3. Faciliter pour les PME innovantes l’accès aux donneurs d’ordre :

Présentant par définition une rupture technologique, il est malheureusement patent que les entreprises innovantes n’ont pas précisément d’ « historique clients ». En conséquence, elles peuvent inquiéter les responsables décisionnaires à un niveau hiérarchique intermédiaire, qui craignent  de se voir reprocher une solution neuve (et donc à risque) face à une solution éprouvée, même si moins performante.

Le SBA a donc également pour mission d’encourager les donneurs d’ordre à accepter des projets innovants:

Récompenser la prise de risque du donneur d’ordre par un label « j’aide les jeunes entreprises innovantes », afin de renforcer le Pacte PME*. Ce label pourrait intervenir dans la notation sociale de l’entreprise à la rubrique ‘relations avec les fournisseurs’, être l’objet d’une cérémonie européenne annuelle avec remise de prix, figurer sur le papier à lettre de l’entreprise donneur d’ordre, etc.
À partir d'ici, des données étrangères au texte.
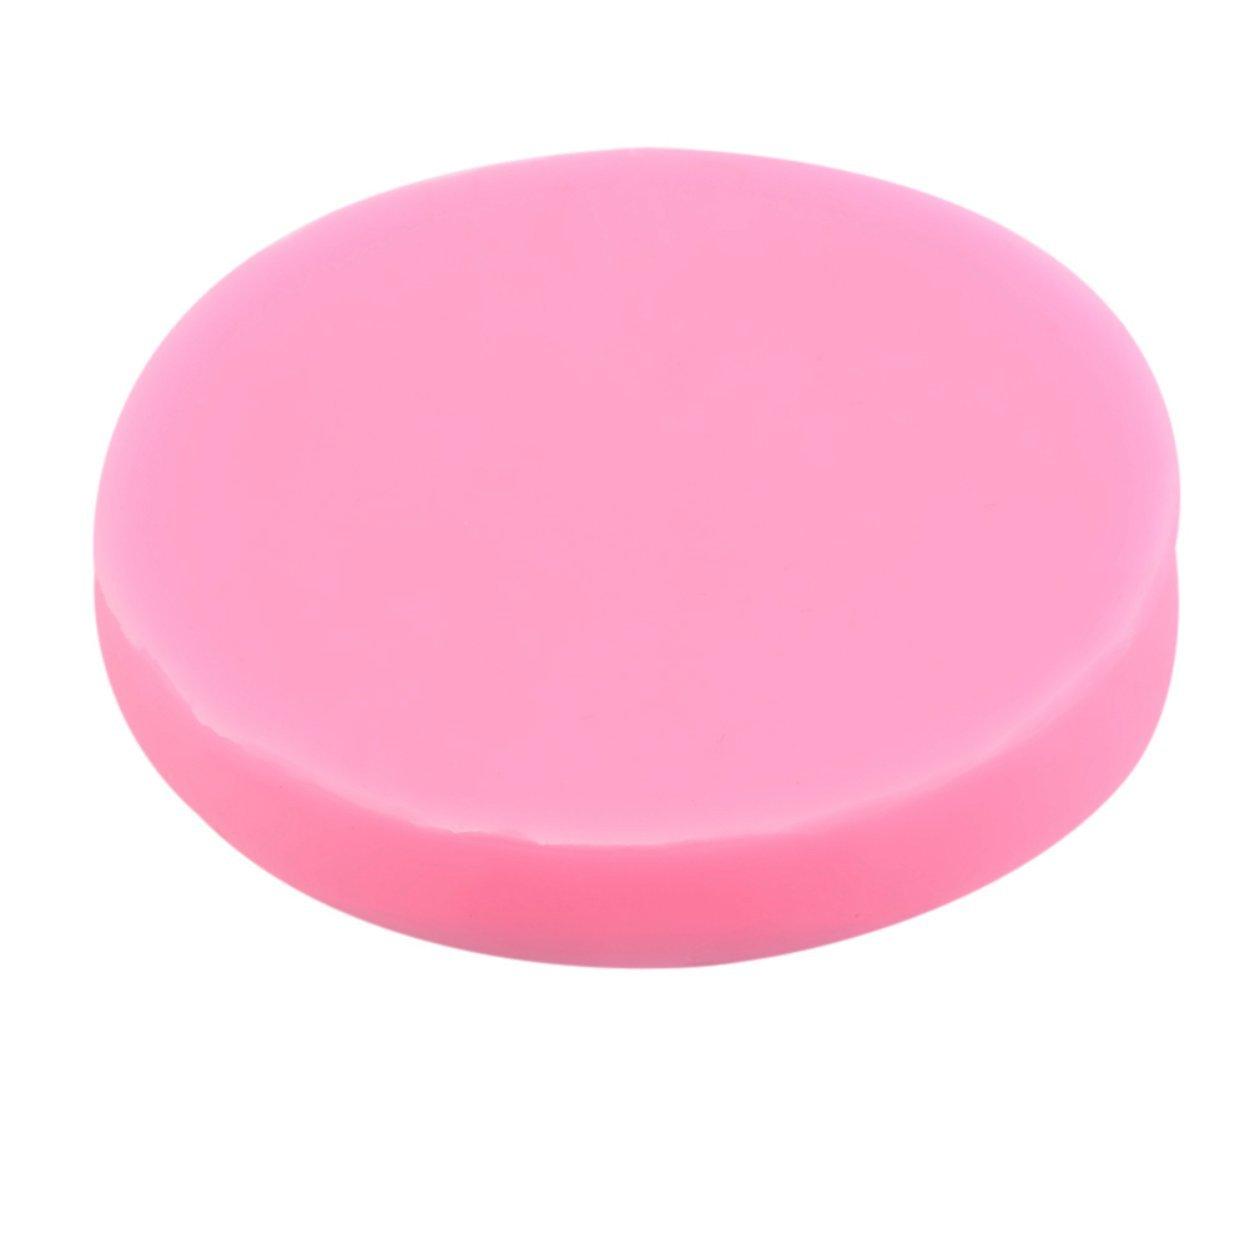 55 10mm Riutilizzabile Antiaderente 3D Delfino Granchio Cavalluccio Marino Angelo Pesce commestibile Torta al Silicone Fondente Muffa del Cioccolato Popolare BIYI Rosa 55 Rosa

Mettre en place un système de garantie pour permettre, en cas d’échec, une compensation financière et une garantie de continuité du projet. Pour les sociétés de logiciels, les codes sources seraient alors déposés auprès de cette garantie.

* Mis en œuvre dans le cadre d’un partenariat entre le Comité Richelieu et OSEO, le Pacte PME (http://www.pactepme.org/) a pour objectif de faciliter les relations entre les PME innovantes et les grands comptes. Il mêle dispositifs d’accompagnement et politique d’exemplarité, sur la base d’un engagement volontaire à la transparence pris par les grands comptes qui le souhaitent. Cette approche, non contraignante, modernise celle du Small Business Act américain tout en en partageant les objectifs : faire fonctionner la concurrence, dans l’intérêt de tous, afin de faire tomber les handicaps créés par l’âge et la taille des PME innovantes.
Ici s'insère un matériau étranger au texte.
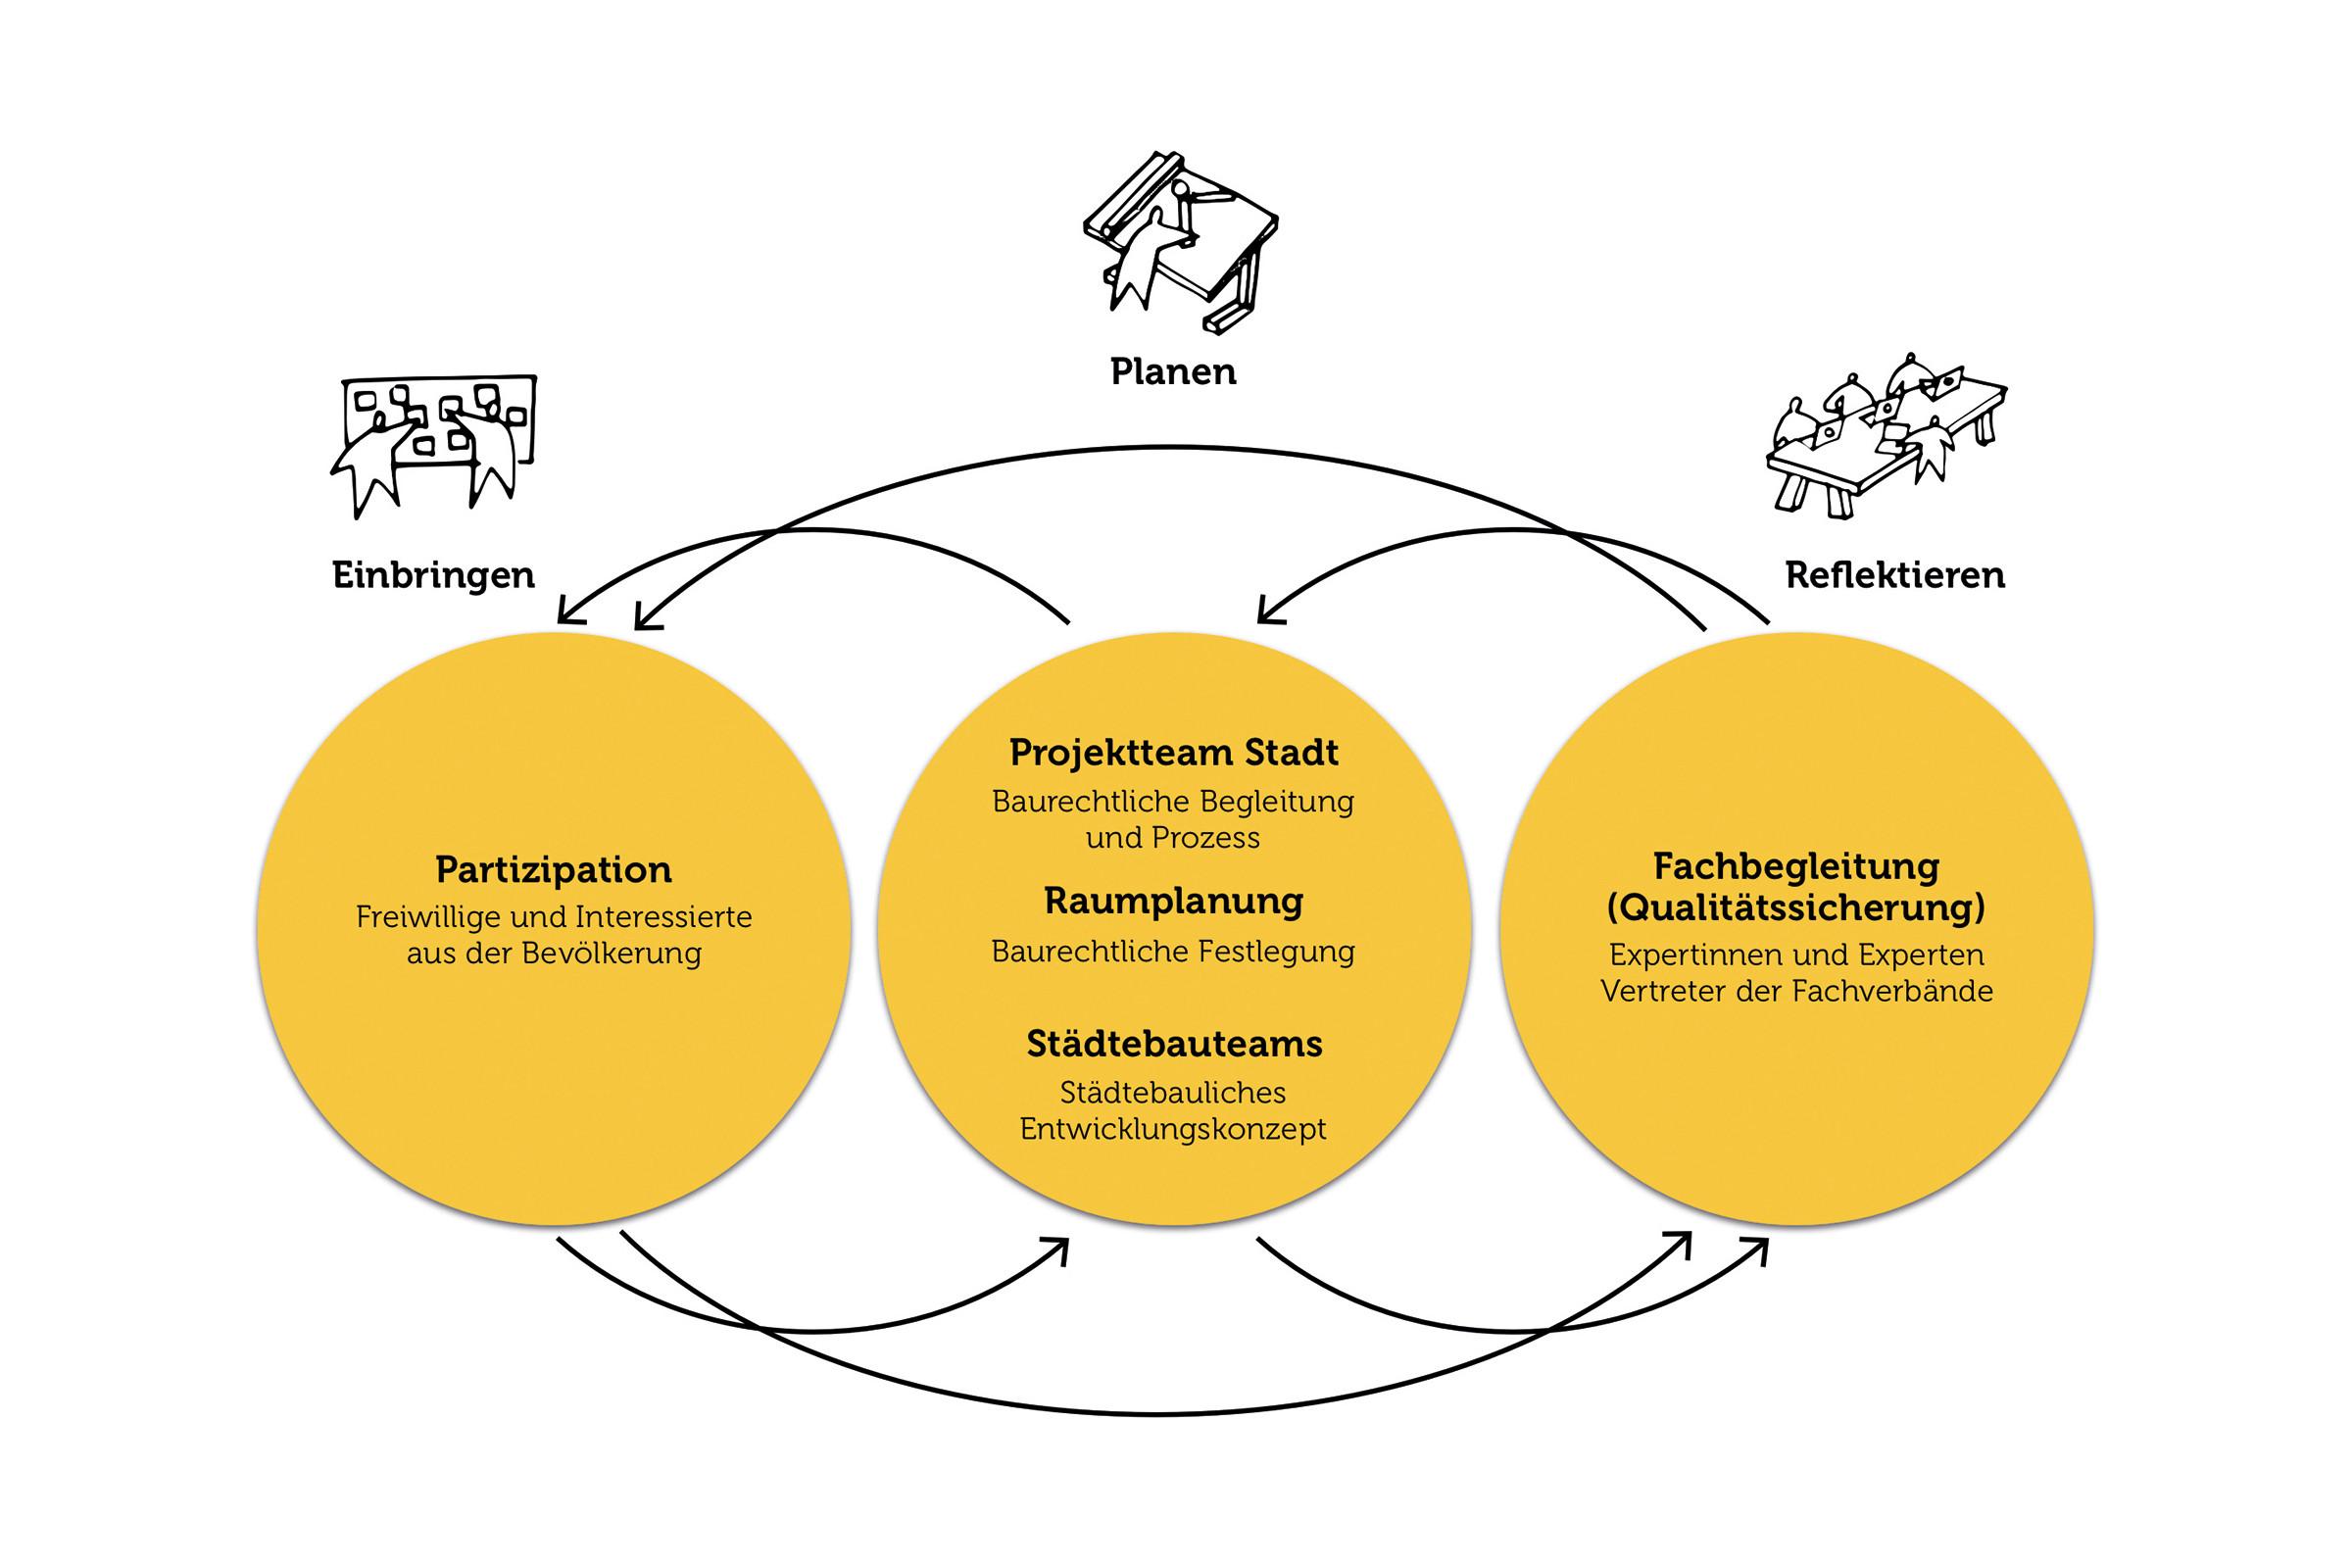 Offenen Dialog zwischen Bevölkerung, Politik und Verwaltung gestalten.

4. Favoriser l’accès au financement :

Simplifier l’accès à certaines aides (innovation, aides européennes en particulier) et surtout accélérer leur versement.

Supprimer complètement l’IS sur les bénéfices non distribués pendant les 7 ans consécutifs à la création et sous réserve que les personnes physiques et les fonds d’investissement dédiés à l’innovation demeurent majoritaires en droit de vote.

Mettre en place un guichet unique et un prélèvement à la source des cotisations sociales.

Créer un fonds pour garantir les prêts d’honneur, venant « abonder » à hauteur d’un pourcentage prédéterminé du capital (de 50% par exemple) apporté par l’entrepreneur ou de ses fonds propres immobilisés. Ces fonds seraient octroyés et gérés par les banques, à un taux de 1%, remboursables sur un nombre d’années prédéterminé (10 ou 15 ans in fine, par exemple).

Faire accepter l’échec aux banques et revoir le système de cotation BCE du dirigeant en cas de dépôt de bilan non frauduleux de son entreprise.  

Obliger les grands donneurs d’ordre (publics et privés) à réduire leurs délais de paiement, en les plafonnant à 30 jours à compter de la date de livraison.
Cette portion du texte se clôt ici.